Your time with me is done. You had your shot, multiple ones actually, and you decided to waste all of them.
Instead of loving me, you chose to play with me and now, it’s my turn to take the wheel and do something that will make me happy. In this case, leaving you for my own good and moving on after the pain that you caused me are the only things to do.
Truth be told, I still love you. When I wake up in the morning, you’re the first thing I think about.
You’re the thought that keeps following me everywhere I go but I know that things have to work that way. I know that it’ll take me some time to heal and move on after you.
After all, I spent a lot of time with you and I can’t expect myself to simply walk away and pretend like nothing ever happened between the two of us.
Love doesn’t work that way. But you don’t know that, as you never felt the emotions that I’m currently going through.
Your fear of getting hurt made you build up that wall around you. It made you act like you’re heartless and like there’s no humanity inside you.
You got rid of all of your emotions and put on a mask of a cold-hearted guy, a player. And even though I know that there must be something good inside you, I have no energy to fight to get through to it.

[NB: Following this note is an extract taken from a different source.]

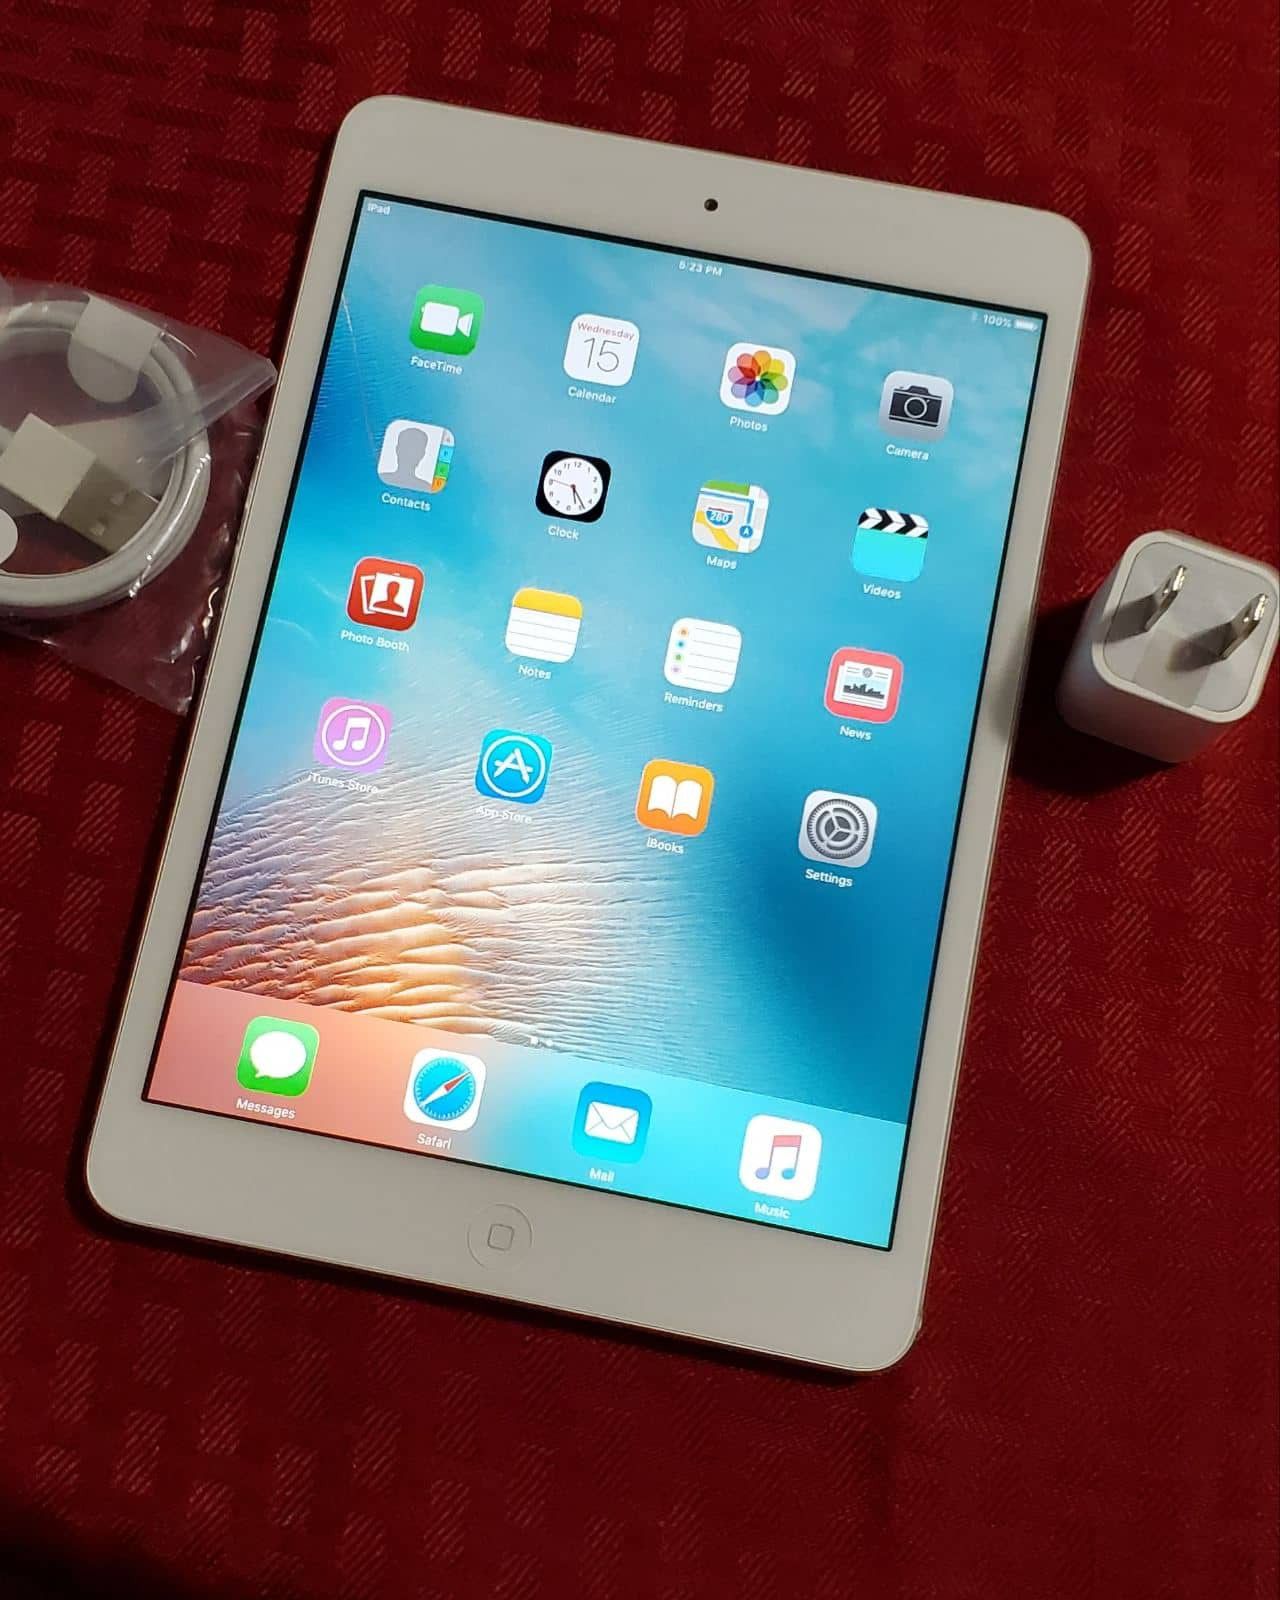 iPad Mini 1 | 1st Generation | Wi-Fi Internet access | 7 inch iPad | Usable with Wi-Fi ONLY

I tried many times before but you always rejected my attempts to get closer to you. You never wanted to show that you’re vulnerable, just like every other human being on the planet.
Instead, you kept your guard up and went on pretending that you were something you’re not. But I guess that we all have a right to choose what we want our life to look like, so you can keep doing whatever you want.
However, be aware that my choice will be different from yours. Instead of choosing to stick with you, I have finally chosen myself.
I will no longer be the one who texts you to see how you’re doing. Been there, done that, and you never appreciated it, so I have to stop it.
Instead of replies, I often got ignored. It looks like I was always the one who wanted you next to me while you didn’t really care much.
Looking my best for you, putting you as my number one, and giving up on everything just to be closer to you – those are some of the things I did to keep you there next to me. I sacrificed my own life, thinking that it would all fall into place once you held me in your arms.
But now I see that I did all of the wrong things. And the worst part is that I also did them for the wrong person.
In your eyes, I must’ve been some crazy girl who wanted you in her life, no matter the price.
And to a point, you’re right. I thought that you were the only one for me.
I thought that we were meant to be and that you just needed some time to figure that out. But I now see that I was wrong.
We weren’t made for each other and everyone could see that, except for me.
I can still sense all of the emotions I felt about you linger through my body and my mind. They keep following me everywhere I go but I know that there’s nothing wrong with that.
It doesn’t mean that I need to go back to you. It doesn’t mean that you’ll change for me.
These temporary feelings are my attempts to get rid of you, to detoxicate from you, as there are many things I need to forget about you.
Your tone of voice when you just wake up, the way you always take an hour to drink your coffee, or the way you always wear black on Mondays. I need to forget the way you smell and how cozy you made me feel whenever you made our own private cinema in your living room.
I was with you for too long, which means that I can’t simply walk away and I can’t ignore the fact that you’ve been the one I’ve shared all of my secrets with, as well as my fears and deepest desires.
You were my choice, the journey I decided to take. That’s why I can’t blame either of us for ending up here.
I can’t point fingers at just you because I was the one who kept giving you chances.
And right now, even though I still love you, I know that I’m done with you. I know that there’s no way for us to ever work out and that I need to back off.
We gave it a shot, it didn’t work, and now is time to say our final goodbyes.
It’ll take me some time to forget about you but it’s okay. I know that this is the best decision I could have made.
Unfortunately, we weren’t made to last.